I finally made a good batch of fermented pickles.
Sadly the first batch I tried to make ended up getting moldy. Many people would just tell you to scrape it off and eat it anyway. I'm not about to do that with my health problems. I can't even eat a mushroom, I'm not about to try something that might have even small bits of mycotoxins in it.
But batch number two was totally clear. I haven't tasted them yet. I'm still working on my kohlrabi pickles (which are much easier to make).
I've been drinking milk kefir for a while now, but I decided to see what water kefir tasted like. Well it turns out I'm not a big fan. To be honest I probably wouldn't be a big fan of milk kefir all by itself, but I drink it in a morning fruit smoothie, and it really tastes good like that. But the water kefir tasted too much like vinegar to me. And too sweet. You would think tart and sweet would be good together, but to me the flavors just didn't work. So I've abandoned that.
I did learn something interesting from it though. I tried fermenting the middle jar with tap water. I knew filtered water wouldn't work as there aren't enough minerals in it to keep the bacteria alive. Some people say tap water doesn't work well because of the chlorine in the water. If it were just chlorine I could leave it on the counter to evaporate for 24 hours. But our water system uses chloramine which does not evaporate. The kefir made with bottled spring water worked just fine and smelled decent. The one made with the tap water smelled vile, like it was rotting. Ewwwww! I tried to revive it for a week by using good spring water on it and it never recovered. The symbiotic culture was damaged.
All I could think was if it was so obviously bad for the culture on my counter top, what in the world was it doing to my gut bacteria. I'd been drinking filtered water since my doctor told me to last fall, but I was still cooking with regular tap water. If I had chlorine in my tap water it would be fine as it would evaporate as I cooked and I'd be fine, but not with my tap water. So now I'm using filtered water for most of my cooking too.

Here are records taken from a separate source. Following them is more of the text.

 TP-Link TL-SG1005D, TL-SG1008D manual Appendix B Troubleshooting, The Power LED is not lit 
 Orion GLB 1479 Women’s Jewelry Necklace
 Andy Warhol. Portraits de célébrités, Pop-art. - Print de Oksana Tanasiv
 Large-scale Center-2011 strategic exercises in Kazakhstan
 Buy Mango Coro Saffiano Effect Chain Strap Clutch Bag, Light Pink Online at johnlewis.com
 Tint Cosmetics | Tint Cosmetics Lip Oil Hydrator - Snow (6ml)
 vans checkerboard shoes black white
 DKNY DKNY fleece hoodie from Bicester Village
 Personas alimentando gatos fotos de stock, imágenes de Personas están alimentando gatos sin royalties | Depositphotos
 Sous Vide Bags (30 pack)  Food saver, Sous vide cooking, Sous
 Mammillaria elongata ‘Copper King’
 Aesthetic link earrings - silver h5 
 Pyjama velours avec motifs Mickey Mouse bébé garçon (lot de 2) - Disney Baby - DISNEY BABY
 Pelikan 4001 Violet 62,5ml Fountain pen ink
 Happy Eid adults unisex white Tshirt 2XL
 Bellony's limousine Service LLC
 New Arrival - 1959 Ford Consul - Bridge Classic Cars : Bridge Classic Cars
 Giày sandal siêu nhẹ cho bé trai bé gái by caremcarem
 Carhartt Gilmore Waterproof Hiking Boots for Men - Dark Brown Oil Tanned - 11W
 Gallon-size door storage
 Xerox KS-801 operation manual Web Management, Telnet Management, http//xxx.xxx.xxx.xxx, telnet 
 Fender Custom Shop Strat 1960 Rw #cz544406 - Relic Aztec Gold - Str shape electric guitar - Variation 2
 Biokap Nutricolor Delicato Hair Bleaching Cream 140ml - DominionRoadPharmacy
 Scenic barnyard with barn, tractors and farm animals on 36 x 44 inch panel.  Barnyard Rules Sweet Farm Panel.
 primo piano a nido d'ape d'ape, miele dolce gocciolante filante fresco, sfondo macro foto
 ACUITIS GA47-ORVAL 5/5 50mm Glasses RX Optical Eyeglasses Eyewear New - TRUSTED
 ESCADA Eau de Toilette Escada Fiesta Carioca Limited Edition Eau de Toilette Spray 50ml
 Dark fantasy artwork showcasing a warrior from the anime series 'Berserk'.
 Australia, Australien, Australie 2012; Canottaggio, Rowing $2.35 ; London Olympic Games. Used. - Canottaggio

All this and so much more leads me to be amazed at the irony of our current state of how we keep ourselves healthy. We poison our water so we won't get sick. We kill our parasites to keep us healthy, even though they are being found to help regulate our immune system especially as infants and in utero. We throw antibiotics at diseases to keep us healthy, and they kill off our precious gut bacteria. So instead of the chance of dying quickly from an infection, instead we die slowly from heart disease, diabetes, cancer, and auto immune diseases. Yesterday I was reading an article that was saying they discovered a bacteria that prevents us from getting type 1 diabetes. And this article is hardly unique. We are finding that our bacterial health is our health. Our physical health and even our mental health. Jeff Leach of the American Gut Project thinks that eating fermented foods isn't the trick to improving our gut, but eating a more varied source of food for our microbiome. And lots of it. Thank goodness I have a garden to eat from.